Damit soll der Absatz der vergleichsweise teuren Fahrzeuge deutlich anziehen, hofft die Bundesregierung. Wir beantworten die acht wichtigsten Fragen zur dem größten staatlichen Auto-Förderungsprogramm seit der Abwrackprämie im Jahr 2009.

1. Wie hoch ist die Kaufprämie, ab wann gilt sie?

Käufer von rein batteriegetriebenen Fahrzeugen erhalten noch ab Mai einen Zuschuss von 4000 Euro. Wer sich für ein Plugin-Hybridfahrzeug mit Elektro- und Verbrennungsmotor entscheidet, das sich ebenfalls an der Steckdose laden lässt, kann eine Prämie in Höhe von 3000 Euro einstreichen. Noch in diesem Monat sollen können Elektroauto-Kaufinteressenten die Prämie beantragen können - beim Bundesamt für Wirtschaft und Ausfuhrkontrolle (siehe dazu auch Frage 6).

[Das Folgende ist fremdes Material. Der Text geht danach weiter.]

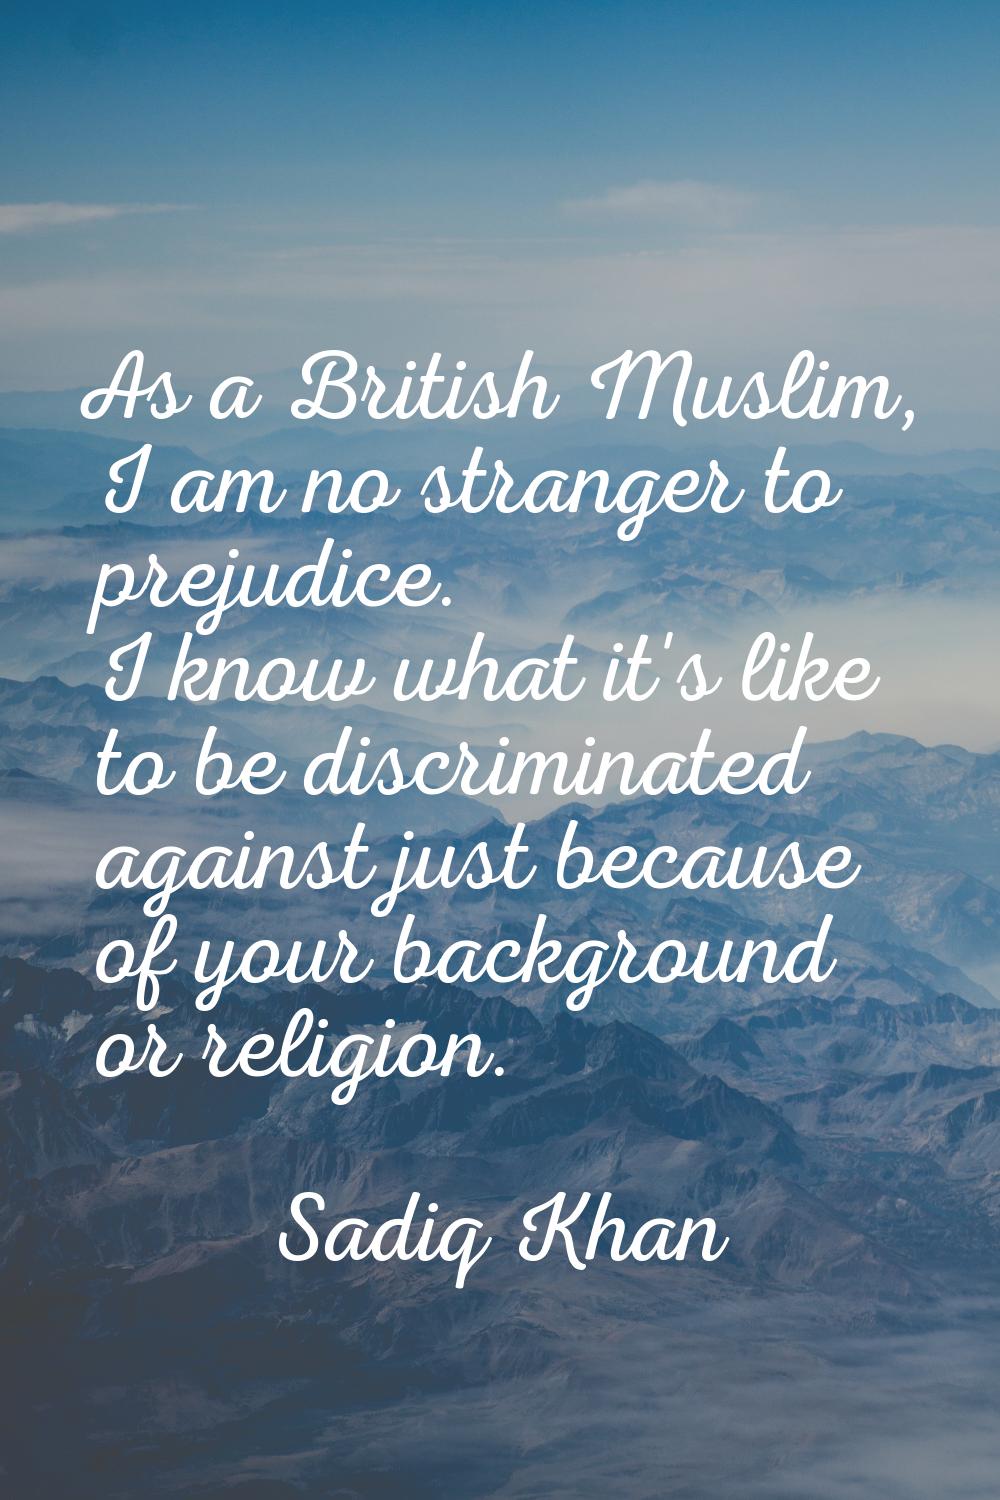 As a British Muslim, I am no stranger to prejudice. I know what it's like to be discriminated again
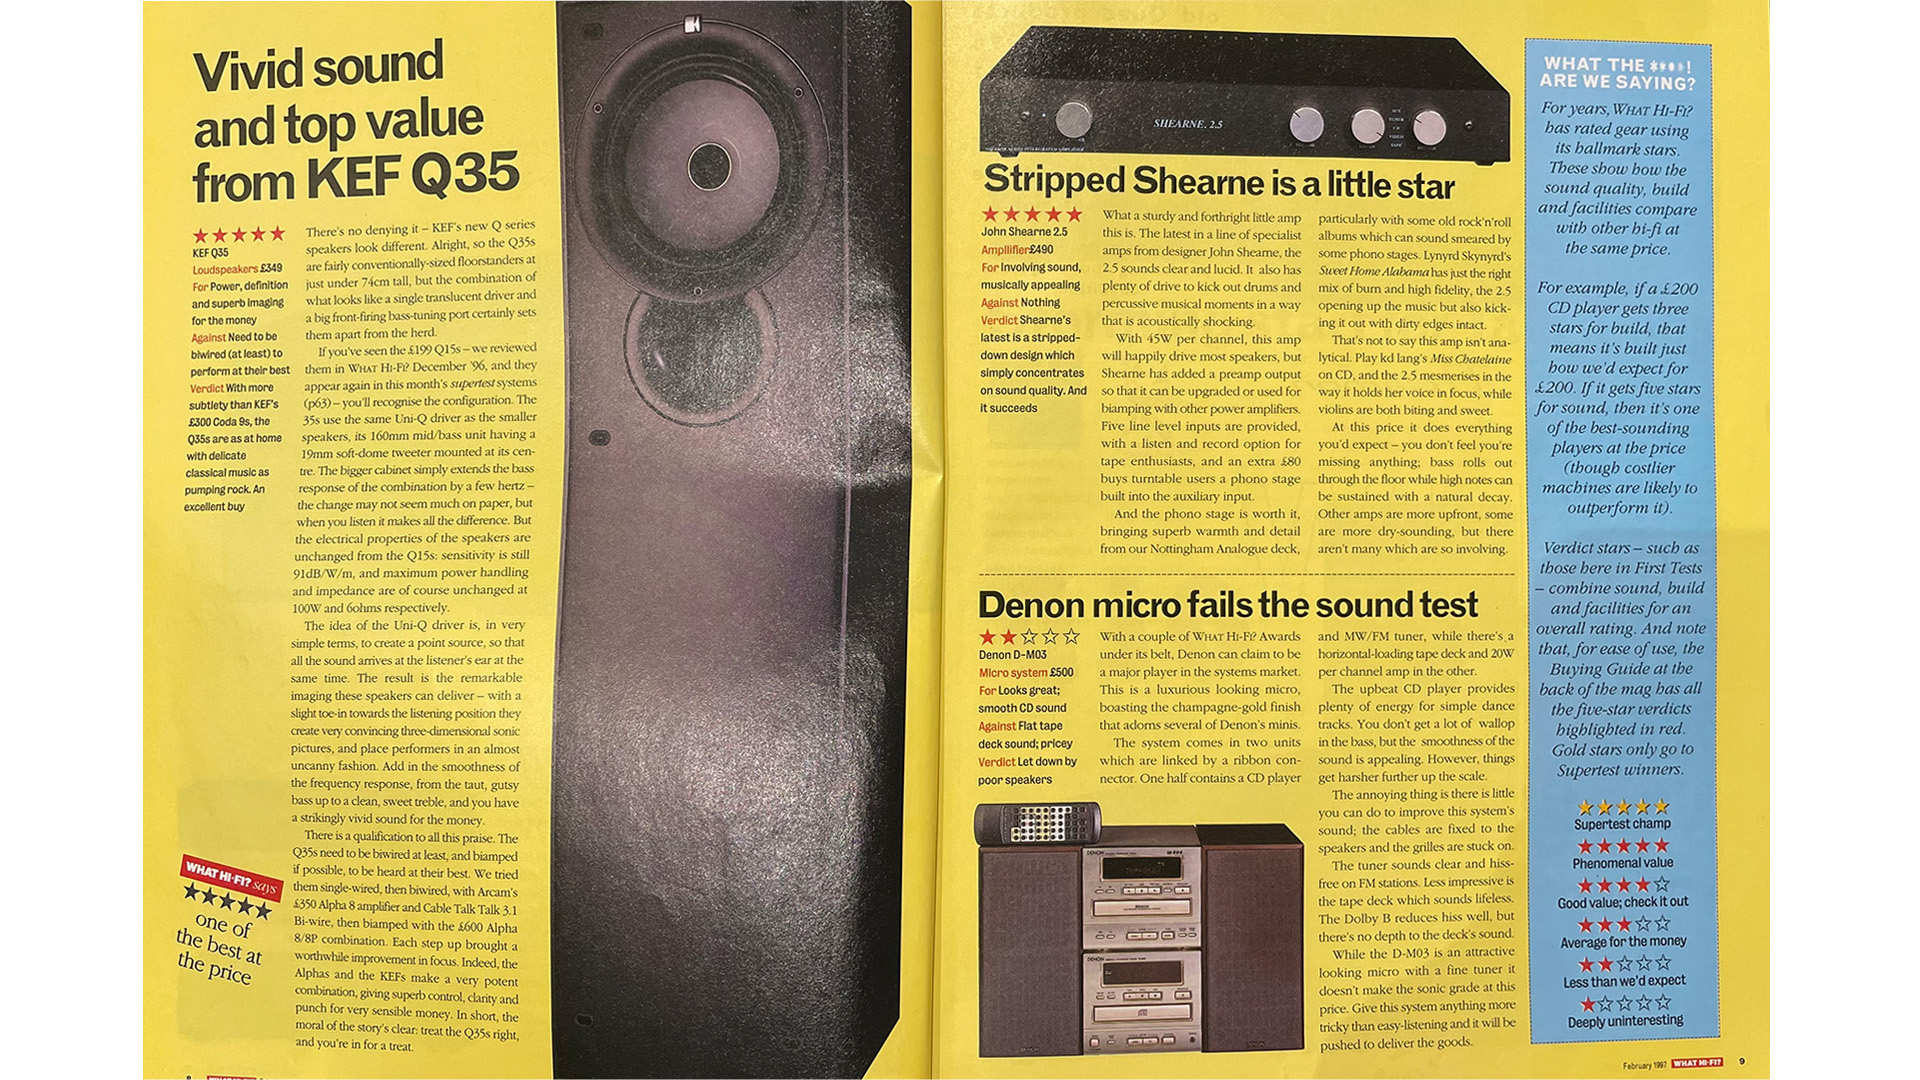 Denon micro system&#8217;s two-star beginnings to five-star triumph: What Hi-Fi? magazine, February 1997

2. Wer finanziert die Prämie und die Steuerboni?

Wie bei allen staatlichen Förderprogrammen finanzieren letztlich die Steuerzahler auch das Anschubprogramm für die emissionsfreien Fahrzeuge - allerdings nicht in Gänze. Insgesamt werden für das Programm 1,2 Milliarden Euro bereitgestellt, doch diese tragen je zur Hälfte der Staat und die Autoindustrie.

Welche E-Auto-Modelle wie lange gefördert werden

3. Wie lange wird die Prämie ausgezahlt?

Für die von der Regierung als "Umweltbonus" bezeichnete Kaufprämie gilt ein einfaches Prinzip: Wer zuerst kommt, mahlt zuerst. Die Prämie wird so lange ausbezahlt, wie Geld im Fördertopf vorhanden ist. "Wenn Sie eine Prämie wollen, kaufen Sie schnell", rät Finanzminister Wolfgang Schäuble (CDU).

Zusätzlich zu der direkten Förderung werden E-Auto-Käufer langfristig von der Kfz-Steuer befreit (siehe dazu Frage 7). Sollte die Prämie zum Ladenhüter werden, hat die Regierung mit einem Ablaufdatum vorgesorgt: Spätestens am 30. Juni 2019 ist Schluss mit dem staatlichen E-Auto-Geldsegen.

4. Gilt die Kaufprämie für sämtliche am Markt erhältliche Elektroautos?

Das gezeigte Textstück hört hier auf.